Anthony Joshua came face-to-face with Jake Paul and made the December 19 clash a reality, rather than a fantasy freak show.
It is time for boxing fans to unite behind the British former two-time heavyweight world champion and hope that victory comes with no complications in the eight-round contest.
Joshua must win for his own future and career moves, but perhaps the future of boxing is on the line, too. If Joshua wins fast and conclusively, it ends the legitimacy of celebrity YouTube boxing, a new genre created by master marketeer Paul and his 50 million youthful social media followers.
The message is clear: if you are a boxing fan, you need to support AJ.
Joshua meets YouTuber-turned-boxer known as “the Problem Child” in what is a huge mismatch at the Kaseya Center, home of the Miami Heat professional basketball team.
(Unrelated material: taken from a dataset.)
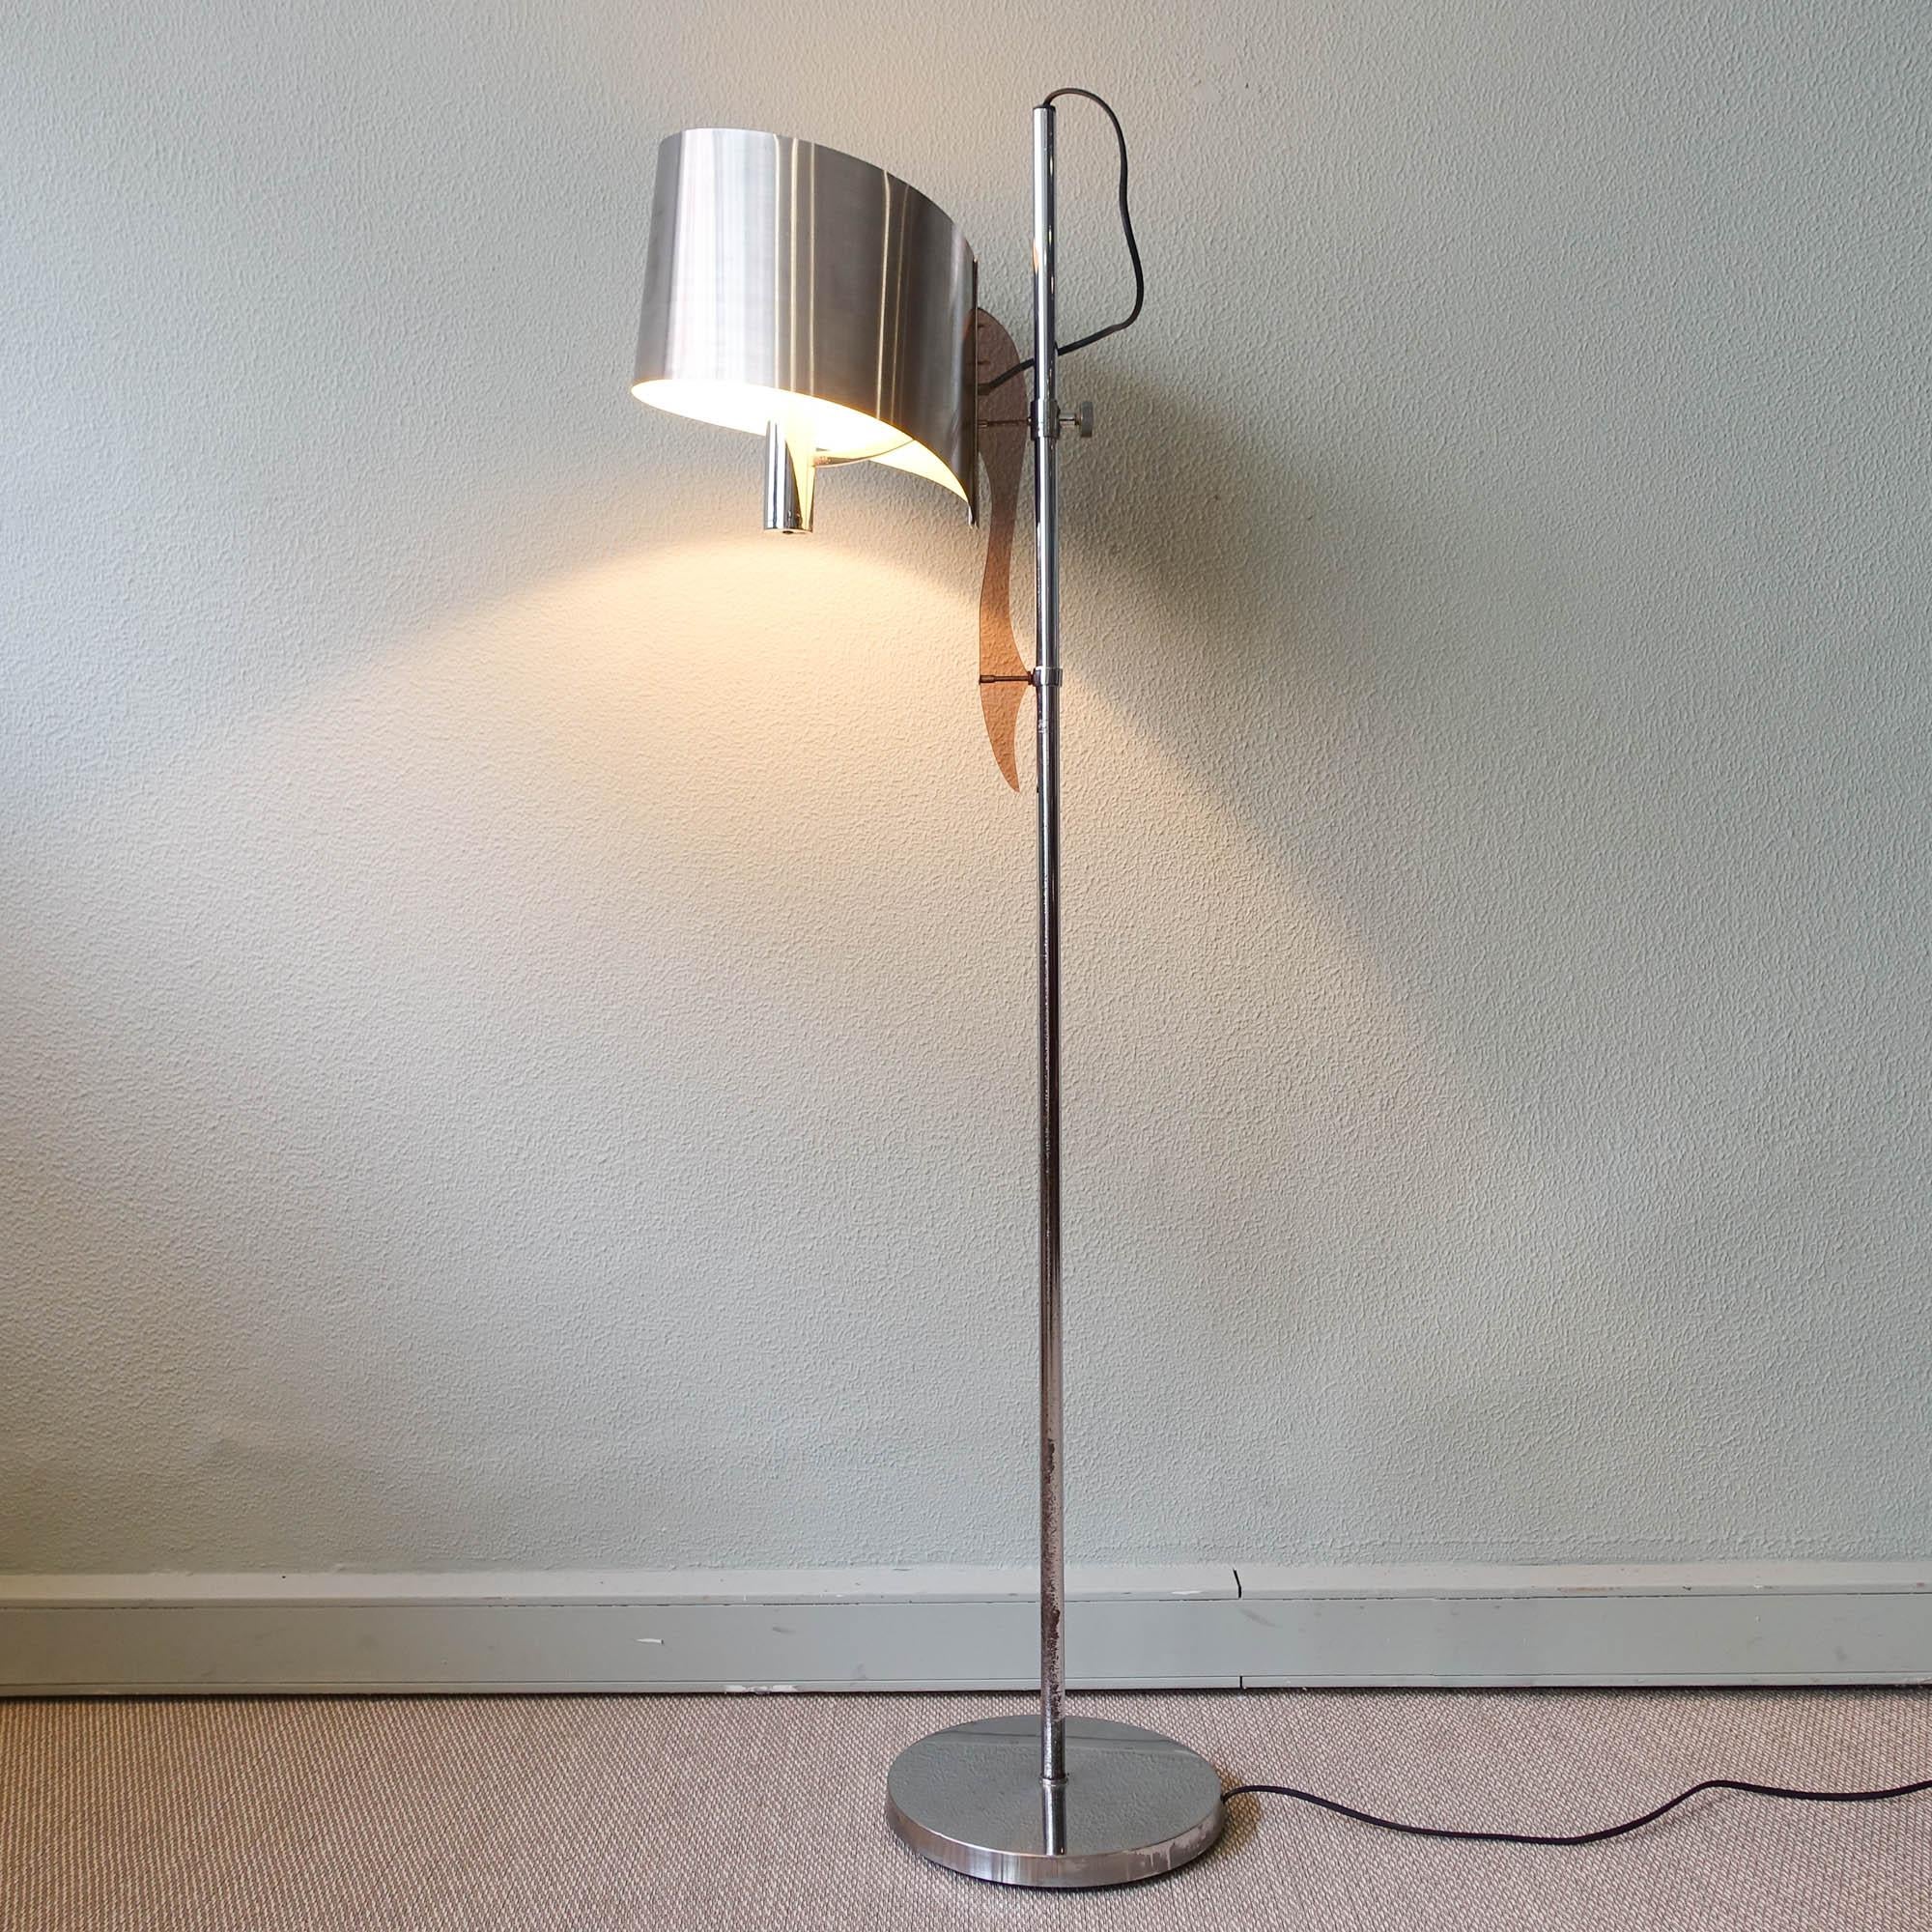 This floor lamp, model 'Ruban' (ribbon), was designed by Jacques Charles around 1965. Just like many other Charles designs from that period it’s shade is made out of folded metal, which gives the lamp a sculptural appearance. The ribbon shaped shade

Joshua took the fight on six weeks’ notice, and is expected to earn upwards of £25m for eight three-minute rounds.
He revealed at the news conference that he was due to fight on the undercard of the four world title fights taking place in Riyadh this weekend (earnings circa £1m), against a top-100 ranked heavyweight. Instead, Joshua dives into this bout facing, bizarrely, more jeopardy in the event of anything going wrong. Paul even getting through the eight rounds would be embarrassing for the Briton.
Paul described his sense of “deluded optimism”. Joshua said he would “stamp all over” his opponent and “break” the outrageously daring American. He told Telegraph Sport that he is “stoked”, and that he is taking Paul seriously. That is wise, as ridiculous as it may sound, given the obvious gulf in class, ability and experience.
Joshua insisted his threat is very real, which is what has caused concern over the sanctioning of this event by the Florida State Commission. “I’m going to break his face and break his body up. I’m here to prove I’m the better fighter,” Joshua, who is now 36, said.
“I’ll stamp all over him. That’s a fighter’s mentality. I’m going to really want to hurt him. That’s what I want to do.” Paul was unmoved.
Visiting the American backstage after the news conference, Paul was adamant that victory would be his, suggesting he was a month away from causing “the biggest upset in the history of boxing”. And he was deadly serious about beating a heavyweight who is expected to face Tyson Fury in an all-British heavyweight blockbuster in September next year, in what would be one of the richest fights in the sport.
The audacious Paul went even further, the 28-year-old predicting a knockout win in round four and claiming he would destroy any Joshua-Fury fight. “It’s going to be me versus Tyson Fury next year,” Paul said. “Just watch...”
It seems highly improbable, maybe even impossible. Yet Paul has a way of writing the most peculiar of scripts, of talking them into existence. His only defeat, incidentally, was to Fury’s brother, Tommy, in 2023.
As Joshua and Paul faced off, the size difference was enormous, a true David and Goliath comparison. For the sake of boxing, fans of the sport had better hope that Joshua gets the task completed with simplicity and brutality come fight night.